Contact Center Analytics Pipeline

A production-grade Jupyter notebook pipeline for daily contact center reporting. Processes raw telephony platform exports and produces a supervisor coaching alert PDF, a daily performance email (HTML), and an Excel output — fully automated, no manual steps.

Note on data: This repository contains no real agent data, PII, or company identifiers. All sample outputs were generated using the included synthetic data generator. See Data & Privacy below.

What It Does

The pipeline ingests five Excel exports from an 8x8-style telephony platform and runs them through a structured sequence of transformations:

Call classification — wrap codes are matched against defined sets (live contact, voicemail, dead air, excluded) to produce clean OB/IB channel splits
KPI calculation — per-agent metrics including productive DPH, median handle time by disposition type, wrap compliance gap, away time, on-break %, and IB contact rate
Flag logic — agents are tiered (Immediate Attention / Watch / On Track) based on DPH target, handle time zones, away time threshold, and wrap compliance
DPH suppression — agents below a productive-time threshold have DPH shown as N/A with an explanatory note, avoiding misleading ratios
Output generation — coaching alert PDF (supervisor use), daily email HTML (distribution-ready), Excel summary

The pipeline handles a multi-team contact center with both outbound (dialer-driven) and inbound (queue-driven) channels, including agents working both simultaneously.

Architecture

input/                        # Raw telephony platform exports (Excel, skiprows=6)
  login.xlsx                  # Agent login/logout times
  interactions.xlsx           # Wrap code dispositions (OB + IB calls)
  statusCode.xlsx             # Per-agent status code activity
  timeStatus.xlsx             # Time-on-status aggregates
  leads_daily.xlsx            # Presented/Accepted/Rejected/Abandoned by agent

staging/                      # Intermediate files (cleaned, merged)
output/                       # Final deliverables + master history

contact_center_analysis_patched_v9.1.ipynb   # Main pipeline (44 cells, paired code/markdown)
generate_synthetic_data.py                   # Synthetic data generator
sanitize_outputs.py                          # Output sanitizer

Notebook Structure (44 cells, 1:1 code/markdown pairs)

Cell	Role
1–3	Config, imports, wrap code classification sets
4–9	Data ingestion and cleaning (one cell per source file)
10	KPI calculation — all per-agent metrics derived here
11	Flag logic and agent tiering
12	58-test validation suite — data quality checks across 9 sections
13	Coaching alert PDF generator
14–16	Excel output, master history append, agent reconciliation checks
17	Email HTML + weekly rollup generator
18+	Ad hoc analysis cells

Key Design Decisions

Wrap code classification over duration inference. Contact vs. voicemail is determined by exact wrap code match, not call length heuristics. This eliminates misclassification at the tails (very short contacts, unusually long voicemails).

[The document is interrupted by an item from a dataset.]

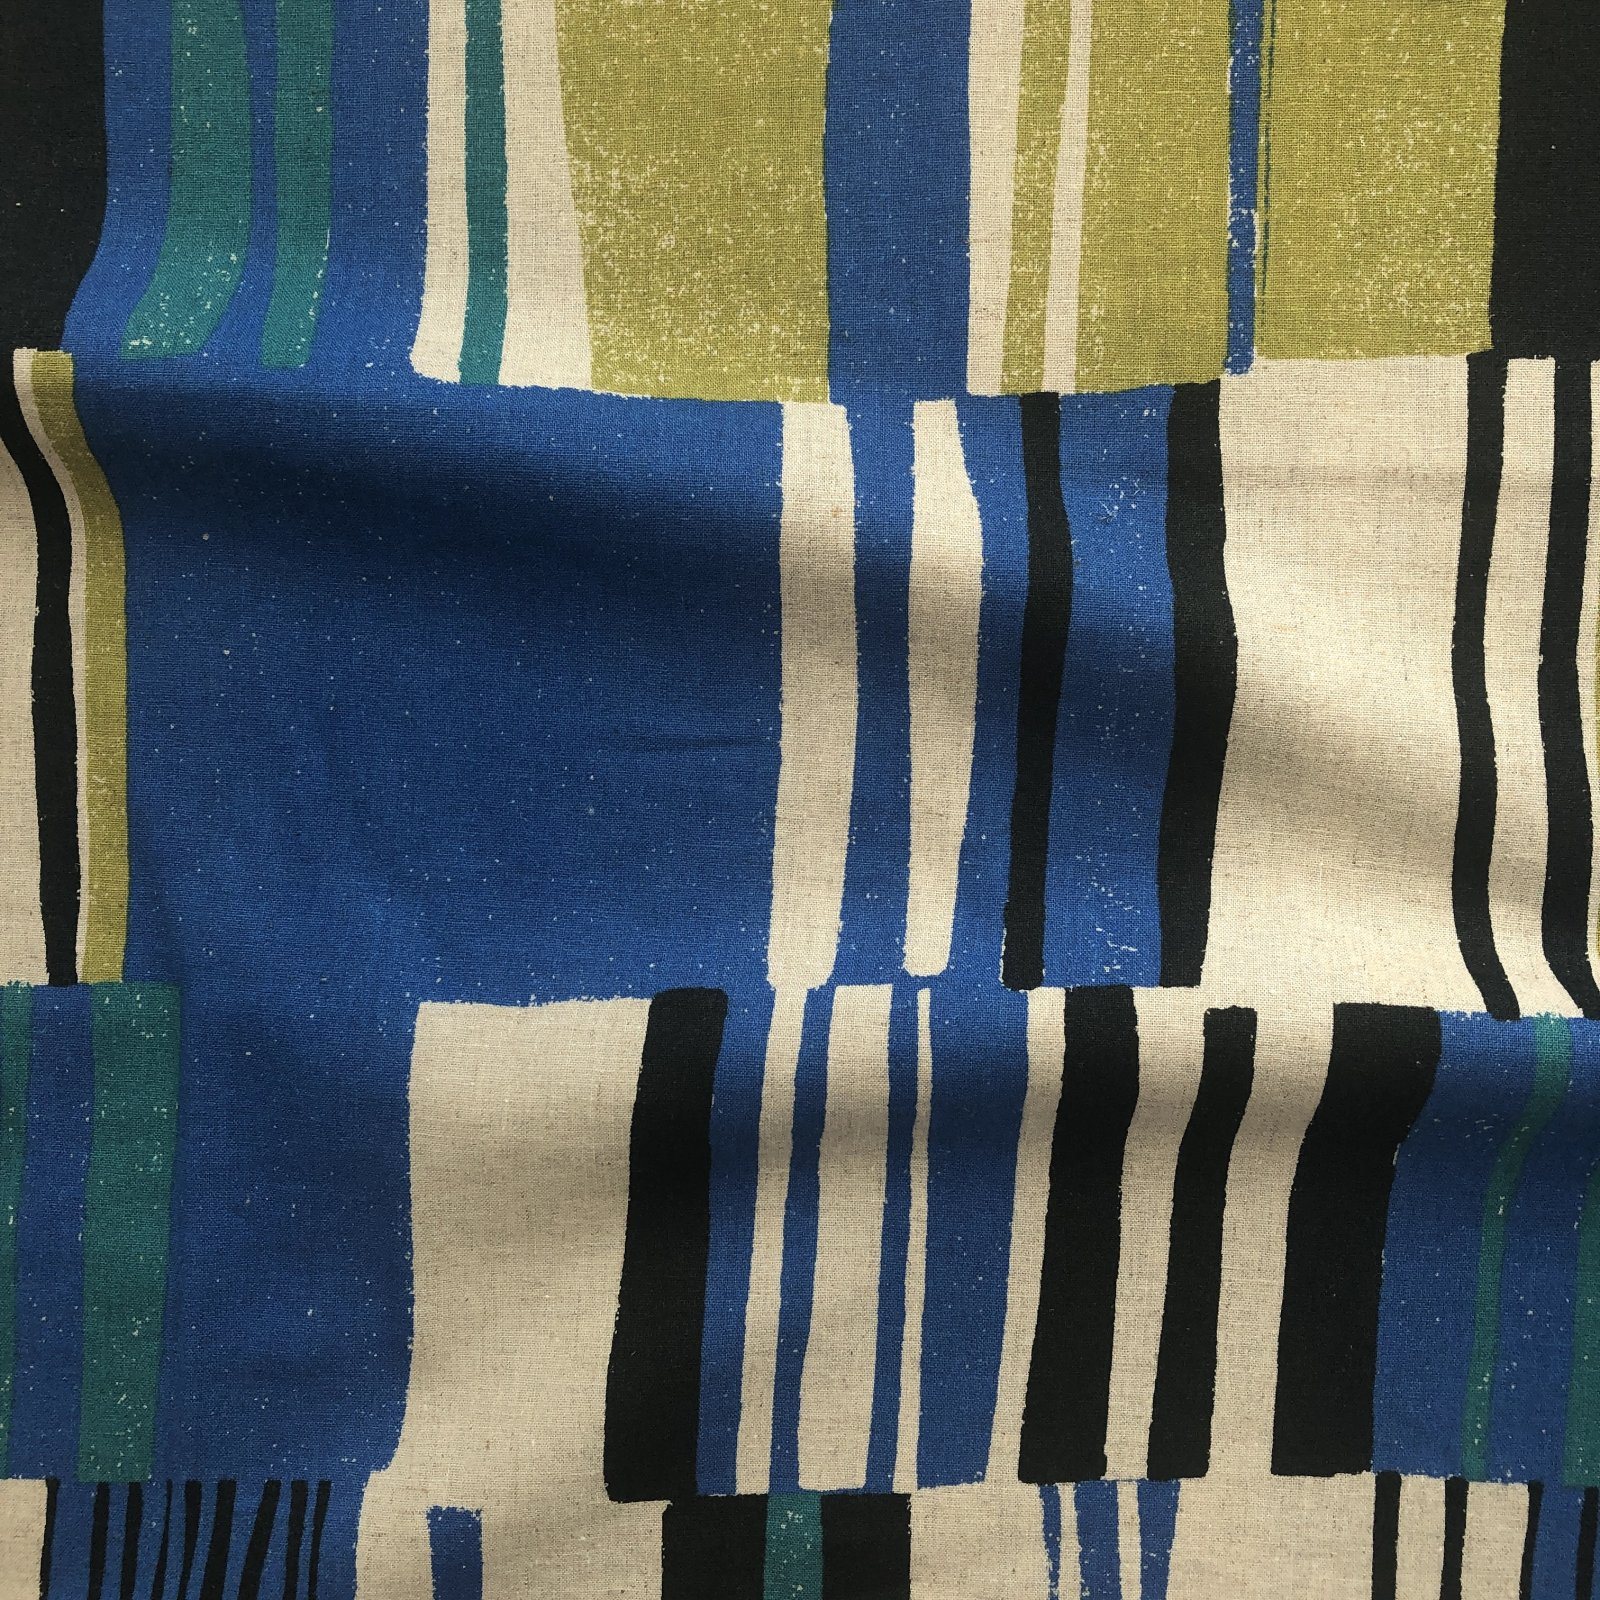 Hokkoh - Linen/Cotton - Boxy Stripes - Blue/Green

Productive DPH, not raw. The primary DPH metric excludes working offline, meetings, 1:1s, and training from the denominator. Raw DPH is shown for reference. Agents below a productive-time floor have DPH suppressed to N/A rather than showing a misleadingly inflated number.

OB/IB channel separation throughout. Metrics, flags, and outputs treat outbound and inbound as distinct workstreams. Agents on both channels appear in both sections of every output.

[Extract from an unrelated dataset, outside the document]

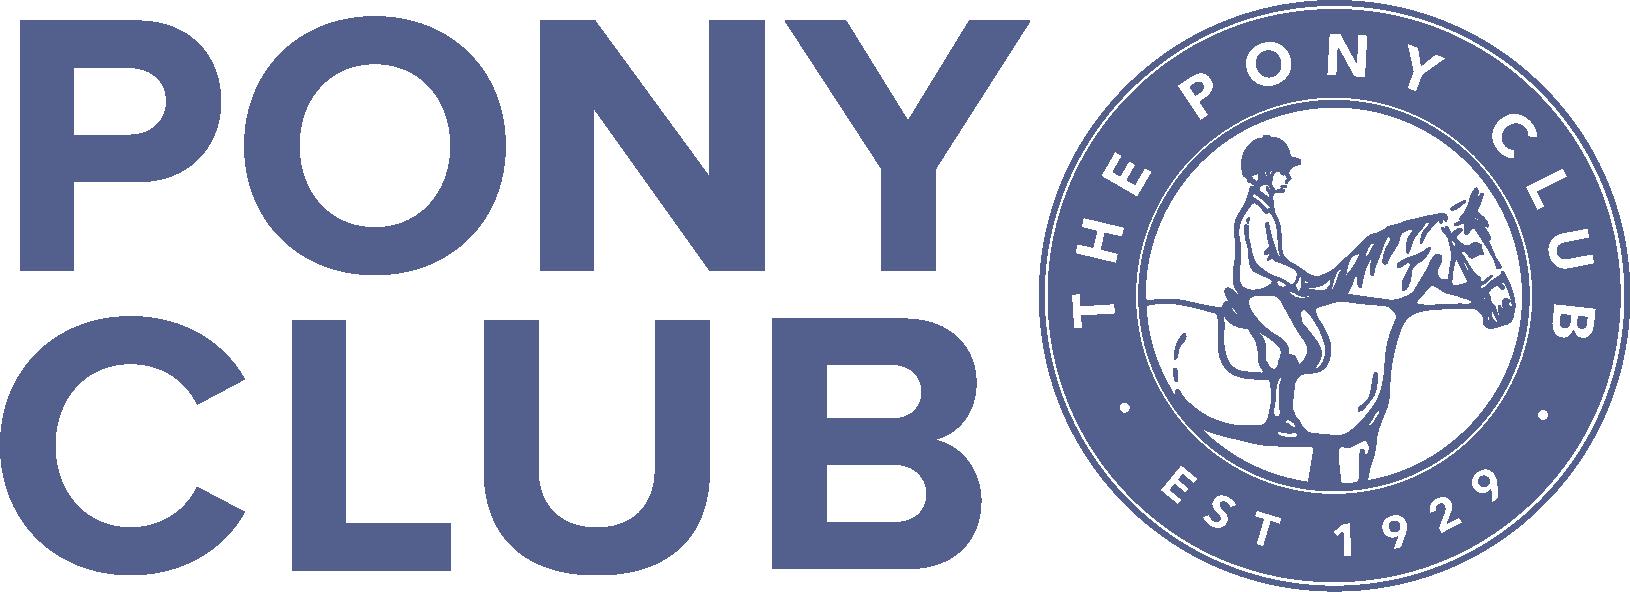 Horse club logos 2-01.png

Wrap compliance gap sourced from Leads Daily, not wrap file. The presented call count comes from the telephony platform's Leads Daily export (authoritative), not summed from the wrap code file. This avoids drift from partial dispositions and correctly scopes the gap to OB calls only.

Master history append. Each daily run appends to output/master_history.xlsx, enabling weekly rollup emails without a separate data store.

Sample Outputs

The output/ directory contains sample outputs generated from synthetic data:

Coaching Alert PDF — one page per supervisor showing agent tiers, flag reasons, and a team metrics snapshot. Sorted by tier within each channel section.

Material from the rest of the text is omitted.